Denson set up a Web site with streaming audio to promote his act (blackdiamondvocals.com) and slowly started getting phone calls—including, he says, one from Neil Diamond himself. “I looked down at my caller ID and it was New York City. They said, ‘We have Mr. Diamond calling.’ He said, ‘You sound like me.’ Then I said, ‘A lot of people have told me I sound like you.’ He said, ‘I’m sure people will tell me I sound like the Black Diamond.’”

Denson thought he might be able to work a few of his own songs into the Black Diamond set, but the first time he tried, it didn’t go over too well with the promoter. “When she was writing the check, she said, ‘We hired you to sing Neil Diamond songs.’ I learned from that moment, you gotta give ’em the Neil Diamond,” he says. “As the old adage goes, if you can’t beat ’em, join ’em.”

He got a break in 2003, when a man from Los Angeles saw him singing in a pizza parlor and called a friend who was a producer for Jimmy Kimmel Live. Denson wound up doing “Sweet Caroline” on the show. “The next day,” he says, “I got calls from agents, booking requests. I played the National Association of Homebuilders in Hilton Head.” When John Kerry campaigned in West Virginia, Denson sang at the rally, changing “Sweet Caroline” to “Sweet Kerry-line.” Someone later told him Kerry was “as giddy as a schoolgirl, saying ‘He tailored the words for me.’” According to Denson, “Sweet Caroline” usually has that effect on white people. “That’s their chance to shine. It can get people to dance who don’t normally dance.”

By last summer Denson had played all over West Virginia, and the momentum from the Kimmel show appearance had petered out. A friend was moving to Kalamazoo. Denson looked at a map, saw that the city was halfway between Chicago and Detroit, and followed, hoping he could take his act to both cities. Now, he says, he can’t go into Applebee’s without meeting half a dozen fans.
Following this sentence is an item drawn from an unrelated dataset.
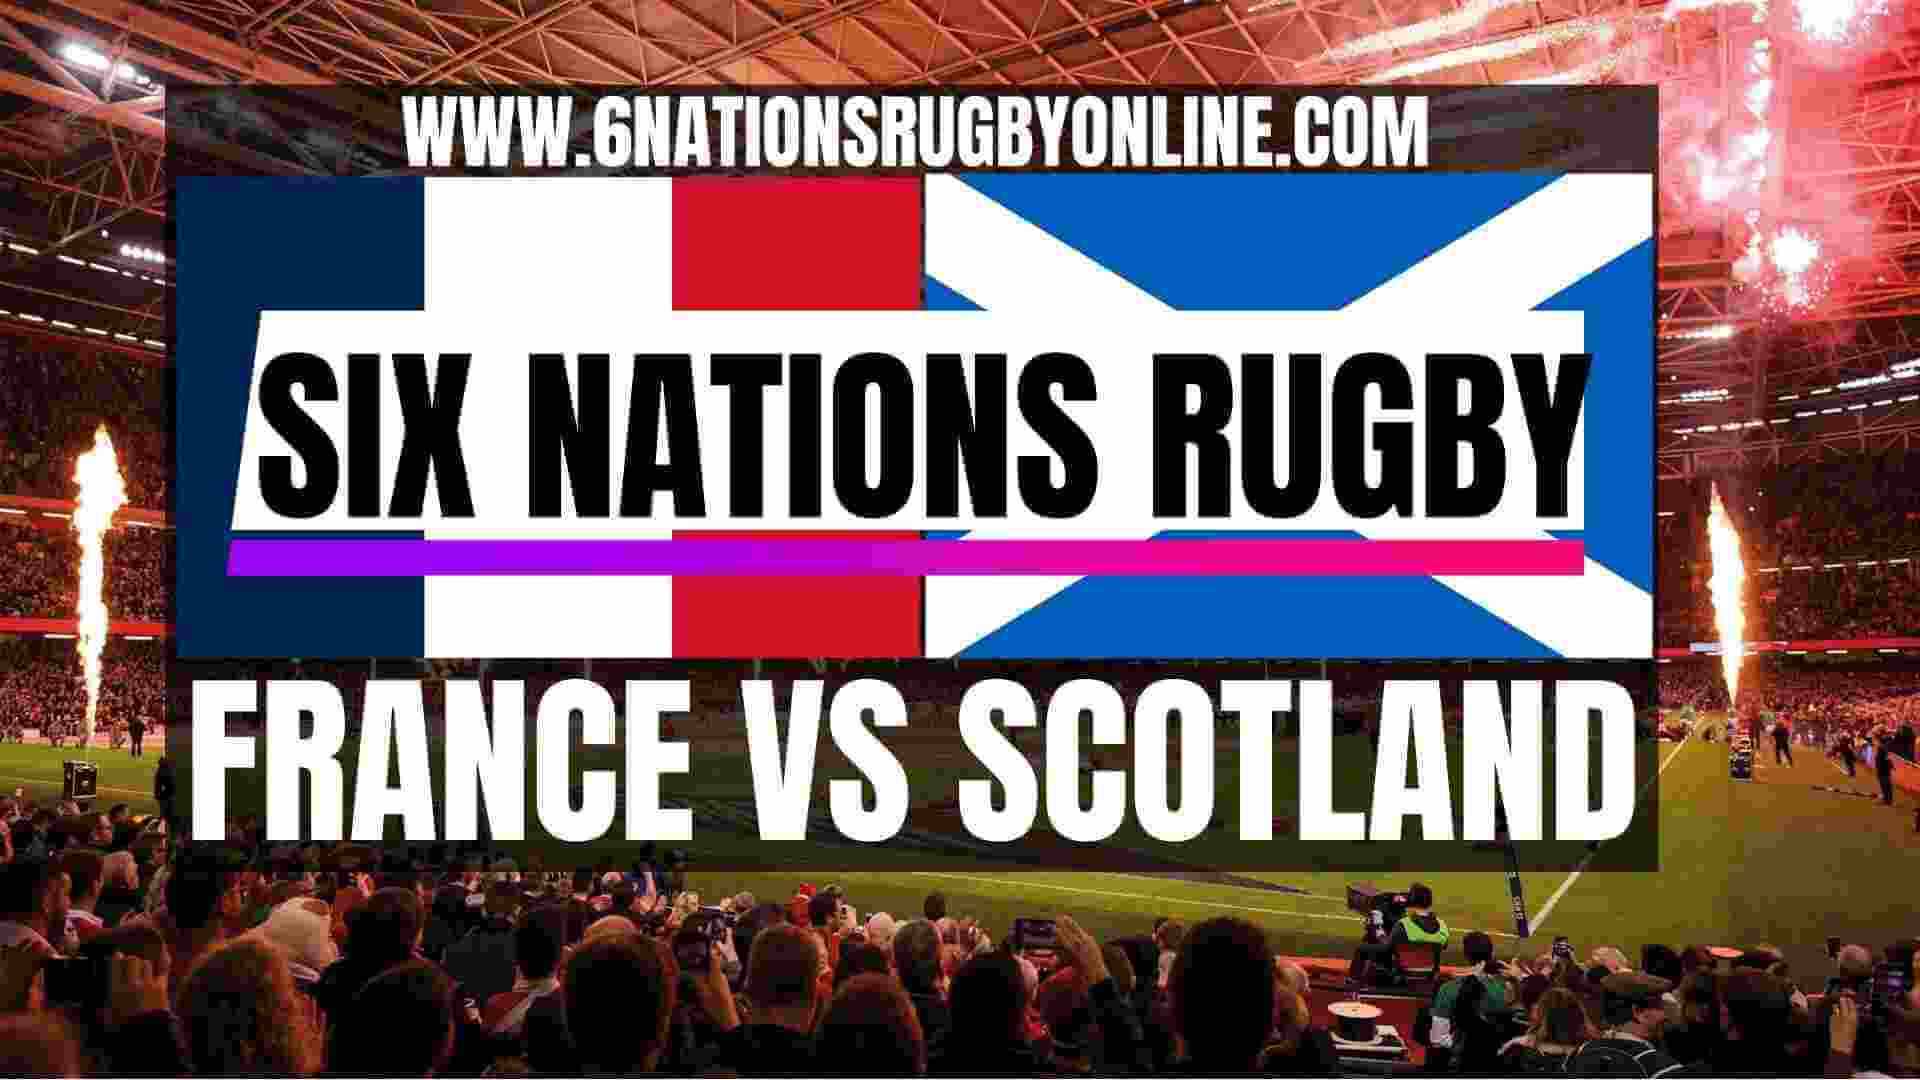 Scotland Vs France Rugby Live Stream On 23 Feb 2019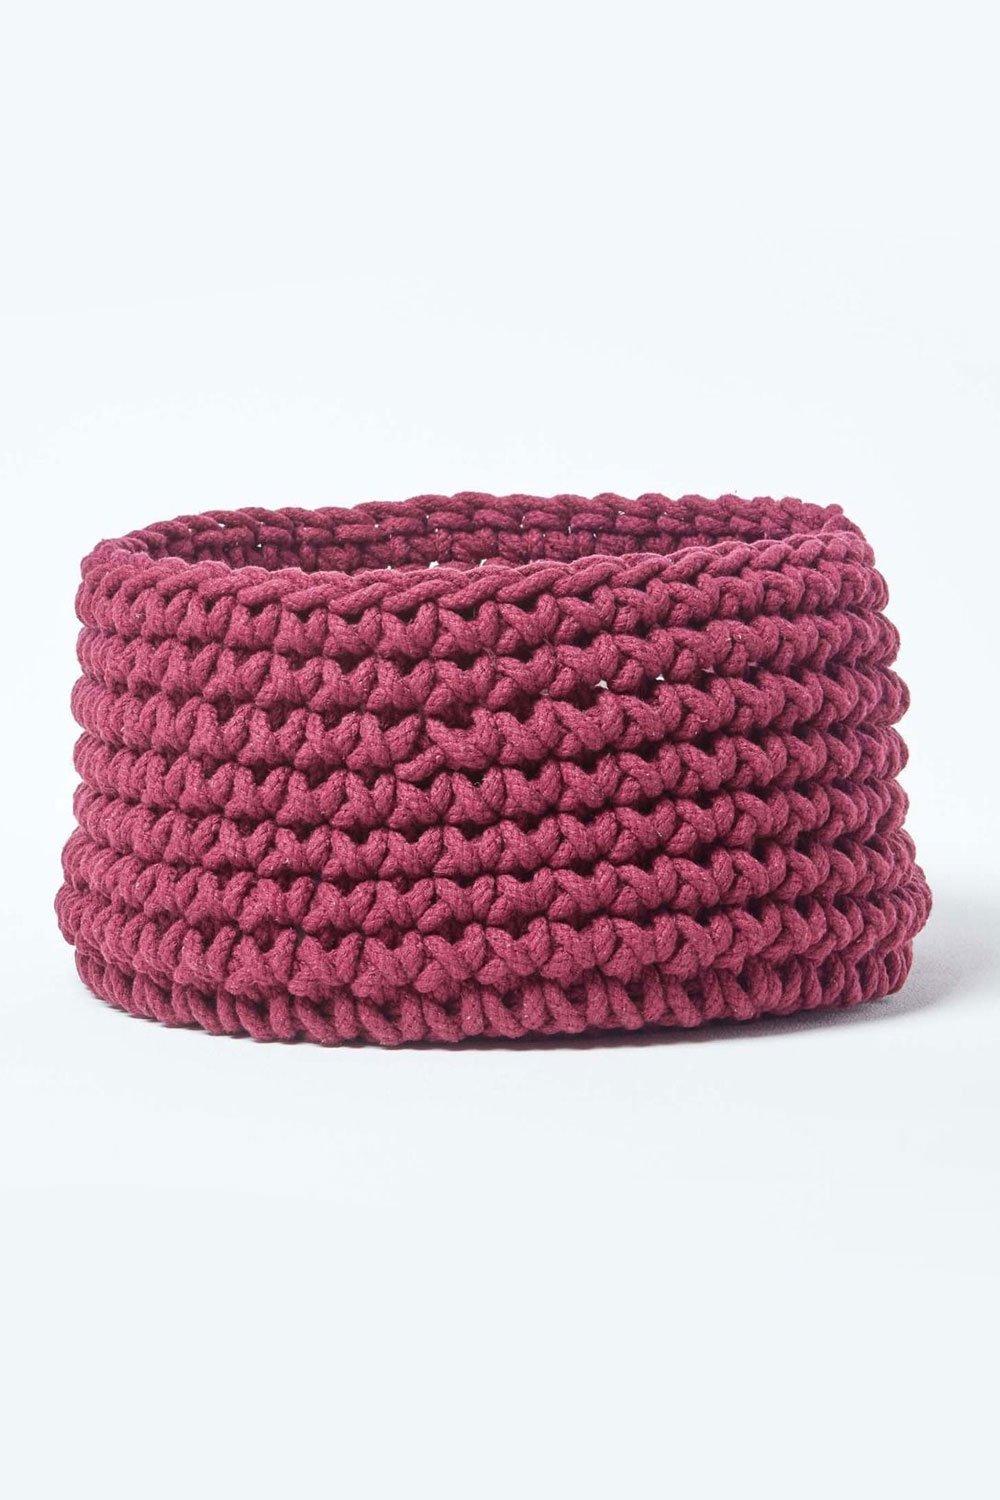 Homescapes Cotton Knitted Round Storage Basket, 37 x 21 cm|plum

Sponsor WKFR, a local mix station, has been plugging his show at Monaco Bay all week. On his second number, Denson grasps the sky, just like Diamond: “She got the way to move me, Cherry baby!” When he croons “Red Red Wine,” a woman climbs onstage and unfastens his belt. Denson savors the moment. “Are you havin’ a good time with the Black Diamond?” he shrieks. “Kalamazoo women know how to rock real hard!”

A young woman in the crowd looks at him skeptically. “He don’t sound like Neil Diamond,” she says. “But he sounds good.”

Denson makes his way through a sampling of Diamond’s greatest hits, from “Forever in Blue Jeans” to “I’m a Believer.” He closes with “Sweet Caroline,” of course. Girls sweep their arms from side to side and sing “bomp bomp bomp” on the chorus. Then, from the speakers: “That was good. If I didn’t know better, I’d say you rehearsed it.” It’s the voice of the real Neil Diamond, from his live Stages box set. And the cheers coming through the speakers are from a crowd in Las Vegas.

“Yeah!” Denson shouts. “Yeah! Yeah!” He tilts his head back and closes his eyes, as if the thousands on the record are screaming for him.